Another dreaded topic is the ethnic interpretation of the archeological cultures in Poland, but that's not directly related to the Völkerwanderungs-topic. At least I'd say it would be strange to argue that there were never any Germanic tribes east of the Oder-Neisse line, just because that happens to be the modern-day Polish-German border.

Simon_W said...

I was digressing. Well, in my opinion Busby et al. needn't have offered any historical interpretation for their results, but they were entitled to do so. And since their postulated migrations fall partly into the first millennium AD, it's natural that they thought of the Völkerwanderung. I mean, the German word „Völkerwanderung“ literally means just „migration of peoples“, nothing evil, and to my knowledge it's still a valid notion in archeology and history. And imho the fact that a concept was once misused for bad actions doesn't scientifically invalidate that concept. Besides, to me it's dubious that the concept was the culprit at all. Was it not rather the other way round? Chauvinism led to the wrong interpretation of the Völkerwanderung as a proof for the supremacy of Germans. And by the way, for the National Socialists it wasn't the only proof, but just the endpoint of a long history of Aryan migrations that dominated the ancient world. In fact, the Indo-Europeans really did dominate a lot of the ancient world, the Nazis have just misconceived them as a Nordic and German race.

Suevi said...

Do we have any verifiable evidence for Völkerwanderung from Central Europe? All the written sources from the Early Medieval Period, which relate to the Slavs are scarce. Many Medieval authors suggest that Slavs are descendants of ancient Venedi, who lived somewhere along the Vistula and Baltic coast (see for example Tabula Peutingeriana).

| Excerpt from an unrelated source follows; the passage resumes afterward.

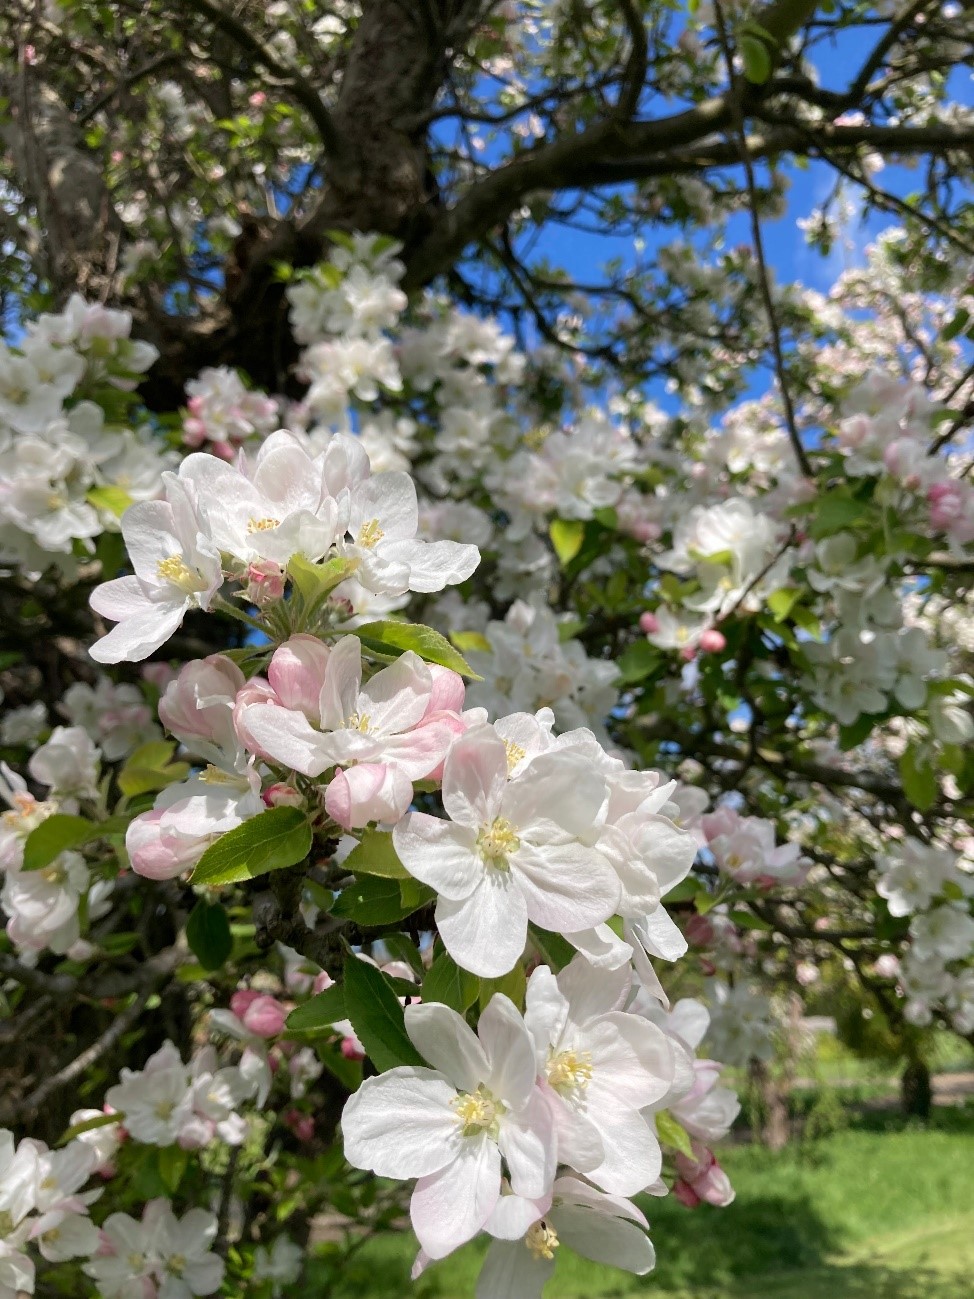 The orchards were full of apple blossom at the beginning of May

This of course needs to be confirmed or denied by Y-DNA and mtDNA continuity since the Iron Age until the Middle Ages. There are no inscriptions from the Iron Age found in the Central Europe, at the time people were illiterate, so linguistics is not of much help here. Cultural elements can be adopted from different ethnic groups, so any conclusions based just on cultural changes seem to be biased. We know exactly where Slavic-Germanic border was in the 7-8th century AD and this should be our starting point.

Suevi said...

Cultural elements can be adopted from different ethnic groups, but language...hmm? We know that Slavic, which derived from PIE is very archaic, so definitely it wasn't invented ~1500 years ago. We know that groups such as Lusatian Sorbs could preserve their language being under domination of much more developed German culture for 1000+ years. Why supposedly Central European Germanic-speaking people ceased to exist and in the 7-8th century AD we have exclusively Slavic lands? The only proof could be in massive DNA change.

Suevi said...

So we have 3 scenarios:
- Slavs arrived from somewhere and settled in Central Europe replacing former inhabitants; could be confirmed or denied by Iron Age and Medieval DNA analysis
- all Germanic-speaking Central Europeans within the area of 500,000+ km2 adopted Slavic language (highly unrealistic scenario); only possible if significant Slavic population with inviting culture came to Slavicise Germanic-speaking tribes
- proto-Slavs were always present in Central Europe, perhaps conquered by Germanic-people in the 300s (see Jordanes), but never really spread from their Central/East European homeland until the 500-600s

Suevi said...

This topic is highly politicized since the late 18th century. Prior to the German nationalism and expansionism, there's been little doubt that Slavs in Central Europe are autochthonous population.